Winter farming is usually not too bad.  It is cold. There is snow. However,  Maine this year has been very short on snow. Until this storm, the BLIZZARD. the storm that has shut everything down.   Yesterday you couldn’t even take a Maine adventure and shop at Reny’s.  They closed at 2 p.m. It seems the only ones working are plow guys and farmers.   Snow, no snow. BLIZZARD or not; chores must be done.
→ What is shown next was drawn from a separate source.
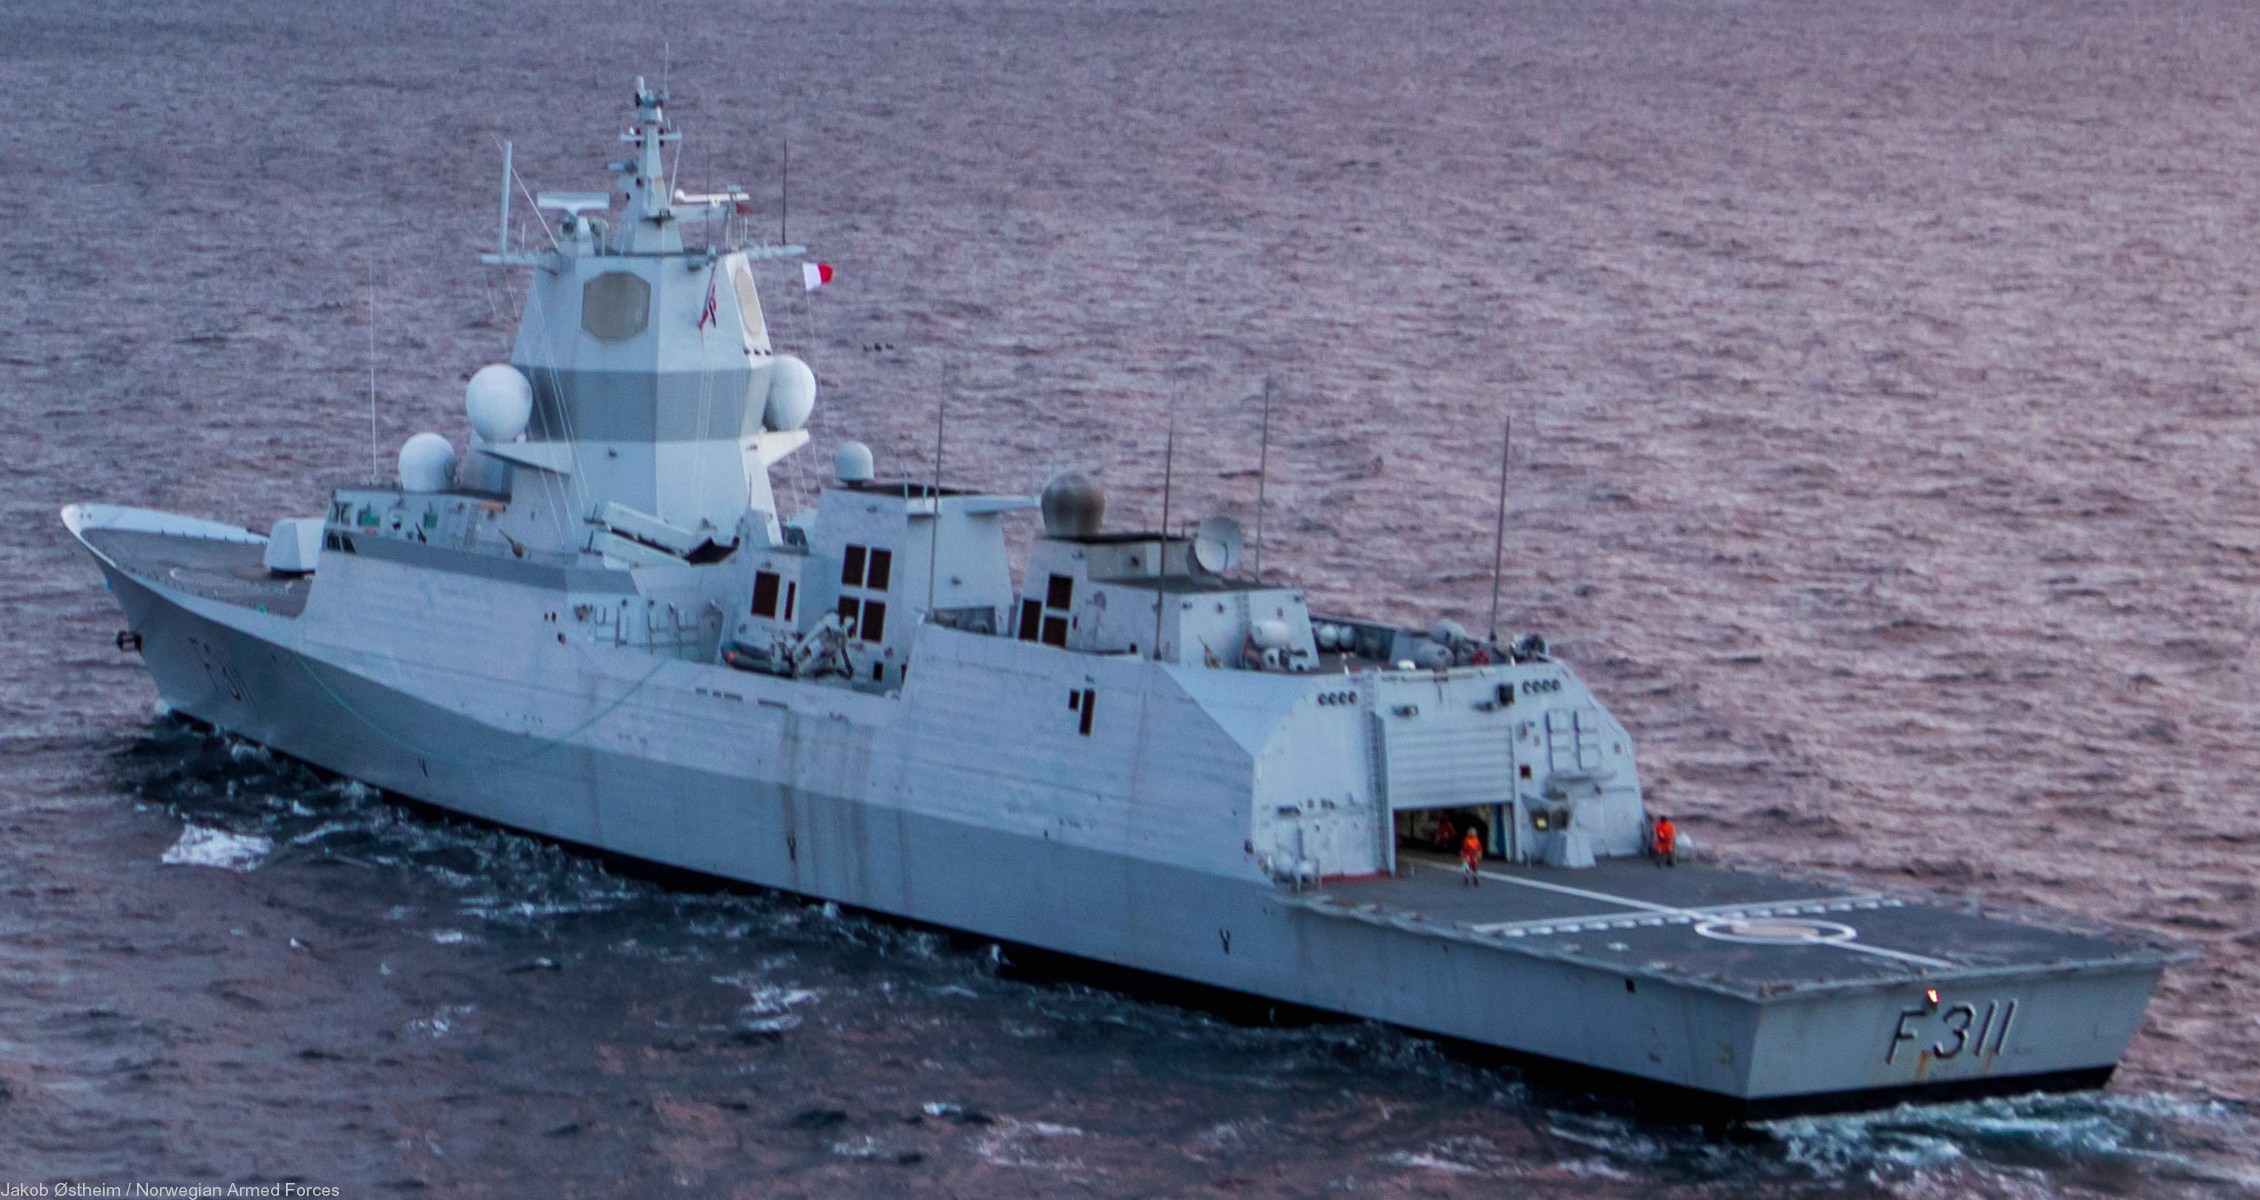 f-311 hnoms roald amundsen knm nansen class frigate royal norwegian navy sjoforsvaret 53

A Maine adventure BHF style.

Carrying pails and slop across the road was easier with the use of a sled, but the stuff kept tipping over, not sure how many stale slices of bread are in the road.  Water was frozen, more pails to sled across. Every barn door needed to shoveled before entering.  Getting into the pig pasture was interesting, there is usually a very definable  line.   The smells like bacon when a pig touches it don’t get anywhere near electric fence.  The fence  is now under a shit ton of snow so one must grope along the side of the pig house with a 5 gallon pail of slop and find the end and step over.  Then there was the search for the feed tub.  It is a good size tub.  You could bathe a small child in it.  Nowhere to be seen, no lump in the snow either.  It was dark though.  So the shuffle began in snow up to the farmer’s steam hole, tripped on it the second time around and almost landed on the aforementioned very hot electric fence.  Never did find the water tub, just waited and filled the feed tub with water when the pigs were done eating their few slices short of a full slop pail breakfast.  Anastasia and Drizella made a very brief trip out to do their business, grab some slop and water and then back to bed for them. IMG_0135
While Miss Olive was being milked, snow was blowing in under a section of the eaves. just a little and with classical music playing, the girls munching quietly and those bits of snow sparkling like fairy dust it was almost magical.  Now if only the farmer could bippity bop the snow away.